DIP33: A standard exception hierarchy
deadalnix
deadalnix at gmail.com
Sat Apr 6 04:29:11 PDT 2013
On Friday, 5 April 2013 at 19:39:14 UTC, John Colvin wrote:
> On Friday, 5 April 2013 at 13:42:02 UTC, deadalnix wrote:
>
>> Right now, it isn't even possible to try a graceful shutdown
>> when really, the program is unlikely to be in a completely
>> unpredictable state, especially in @safe code.
>
> It is possible. Catch the error.
>
No.
At this point, the small issue is already transformed in complete
havoc. Mutexes are not released, nothing is cleaned up, etc . . .
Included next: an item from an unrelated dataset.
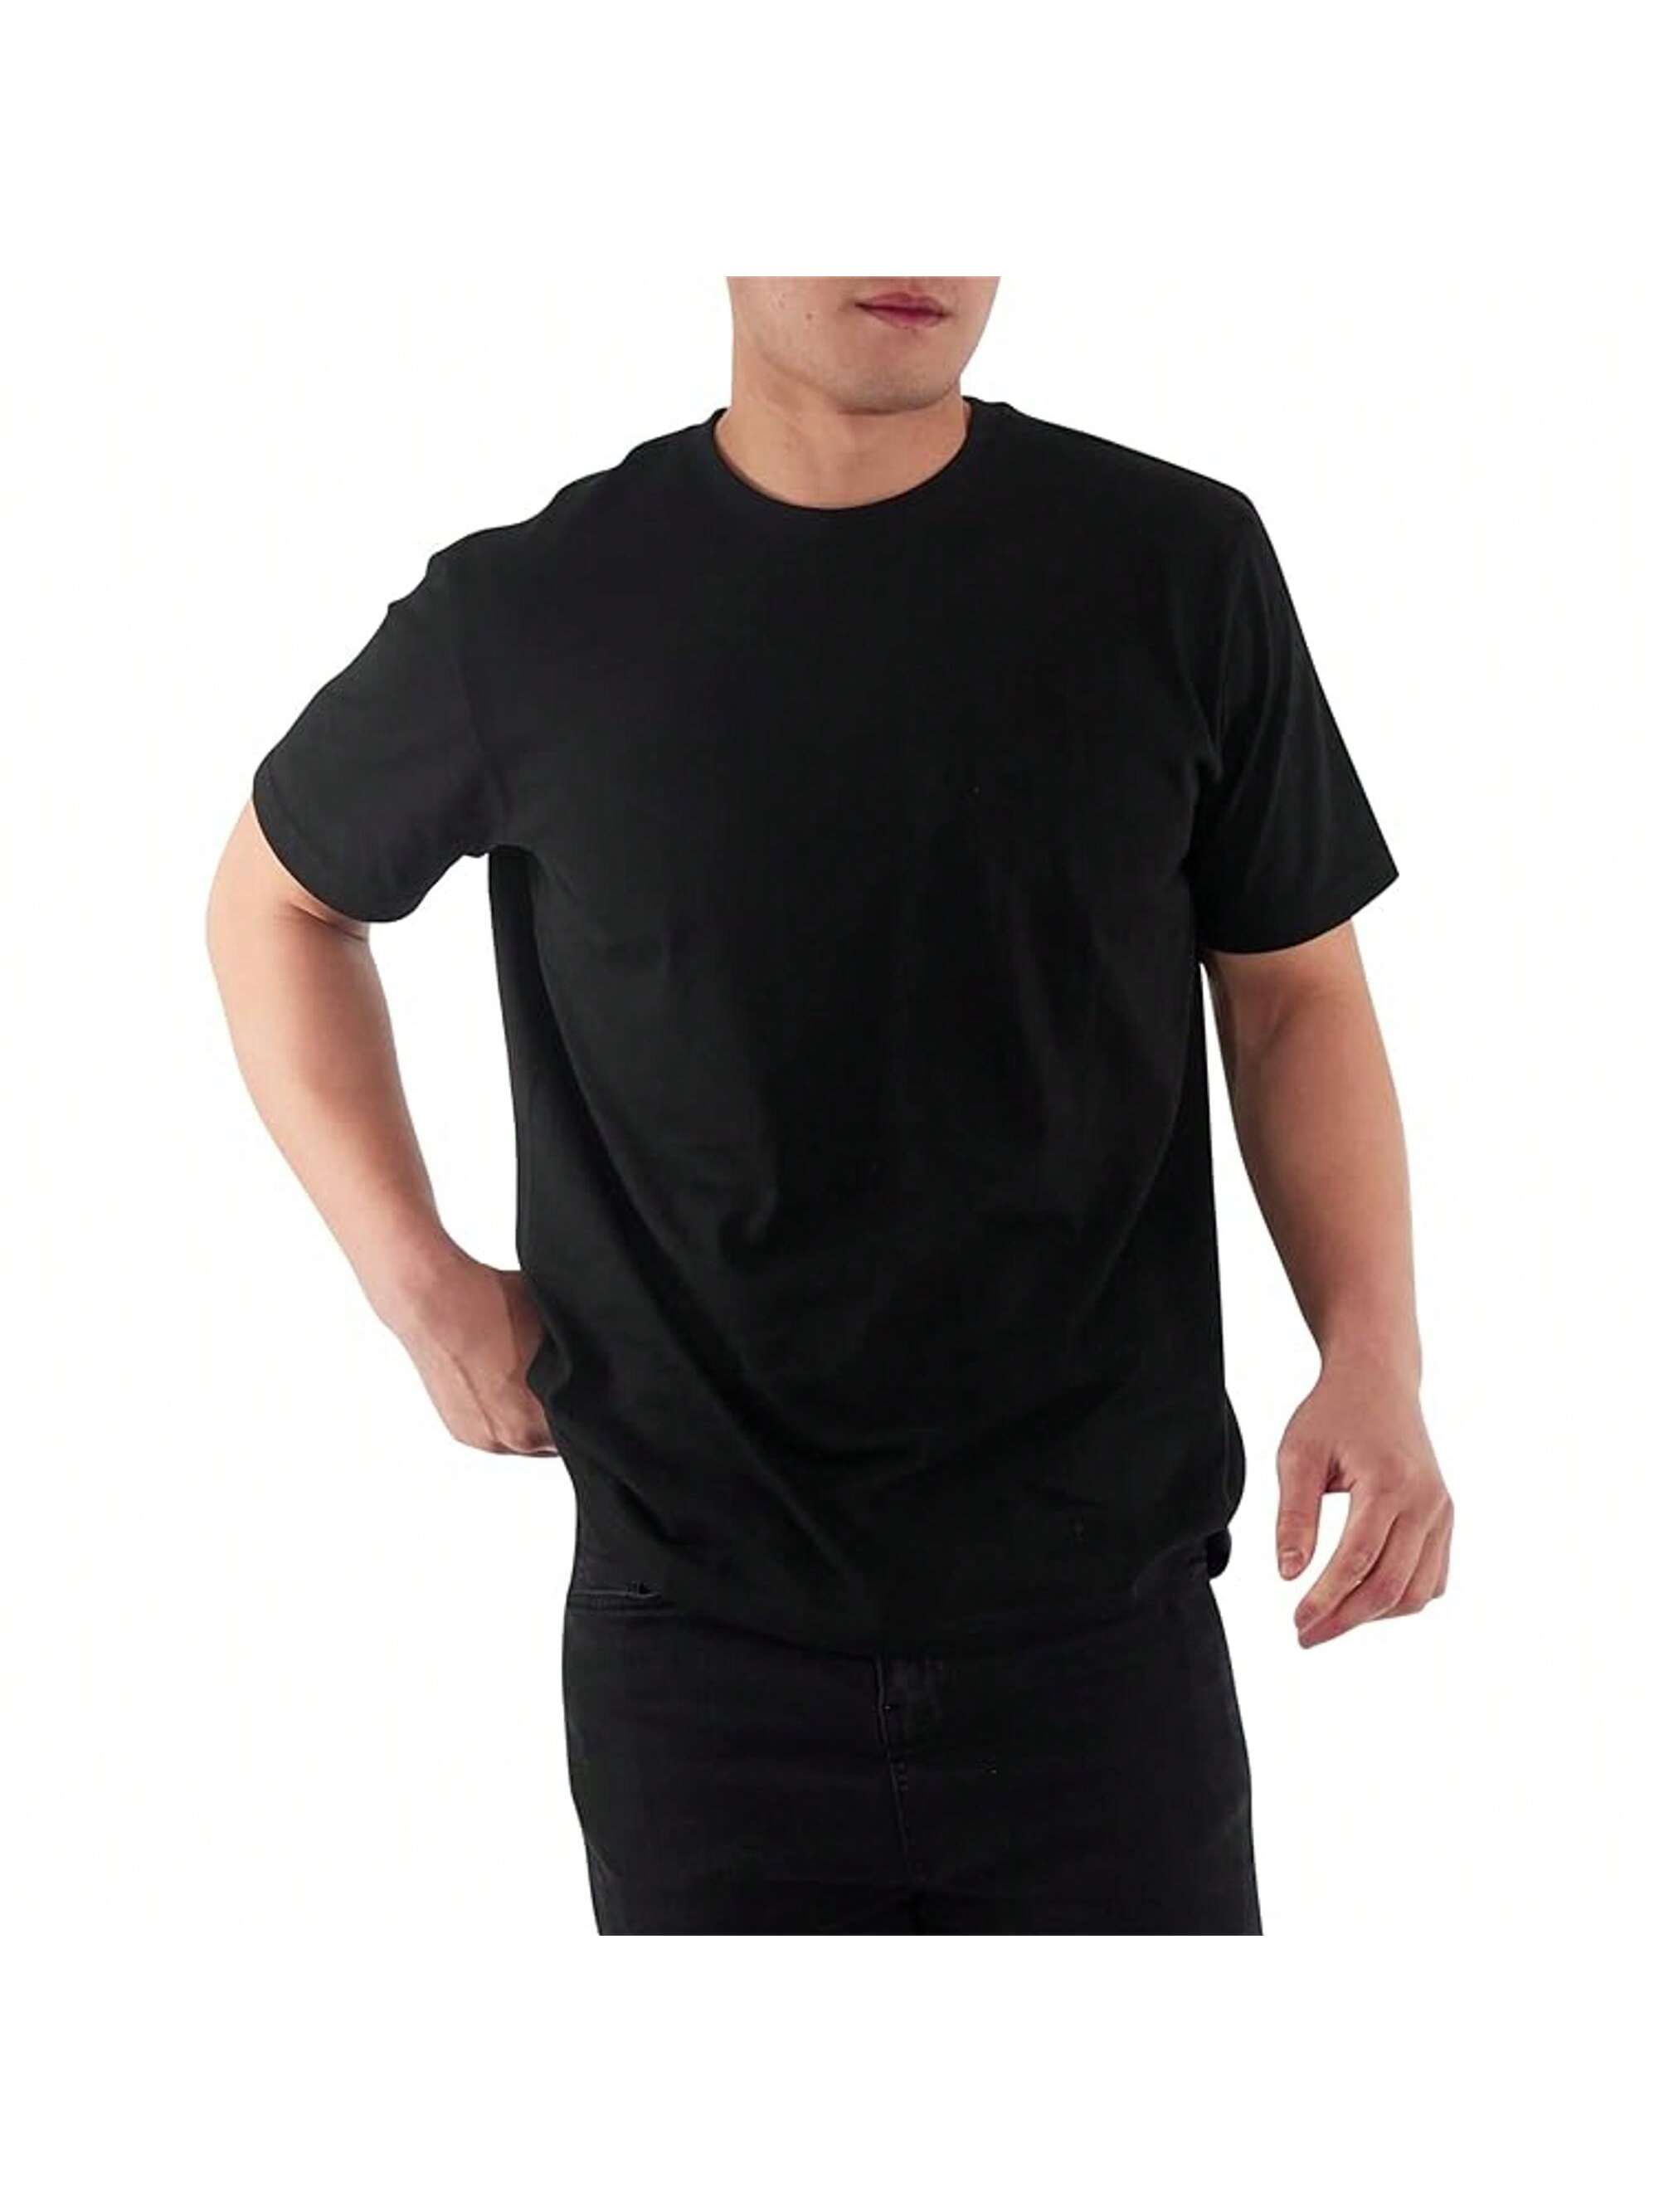 Мужская хлопковая футболка премиум-класса с круглым вырезом Rich Cotton� NVY-M, черный футболка laredoute футболка с круглым вырезом shark m черный

> However, having the language pretend that it can make any
> logical guarantees to you like it does with exceptions (i.e.
> finally blocks, chaining etc.) only encourages people not to
> take Errors as seriously as one should.
> Soon people are throwing errors where they should be exceptions
> and vice versa. Even worse: people will be catching errors
> everywhere and their code could be happily running for days
> performing undefined behaviour.
>
Well go all the way down the reasoning : nothing ensure that the
stack isn't corrupted and that unwinding is possible.
> This is a similar situation to shared (although with some
> important differences). Making it easier to use would be like
> putting a seatbelt on a motorbike. Sure, it might be safer some
> of the time. It'll definitely require less care to use. But
> when the bike slips sideways underneath you going round a bend
> at 80mph, you need to kick it away as fast as possible.
> It'll save you all the times it *doesn't* matter, but it'll
> kill you that one time when it *does*.
I'm not sure a media player can kill me.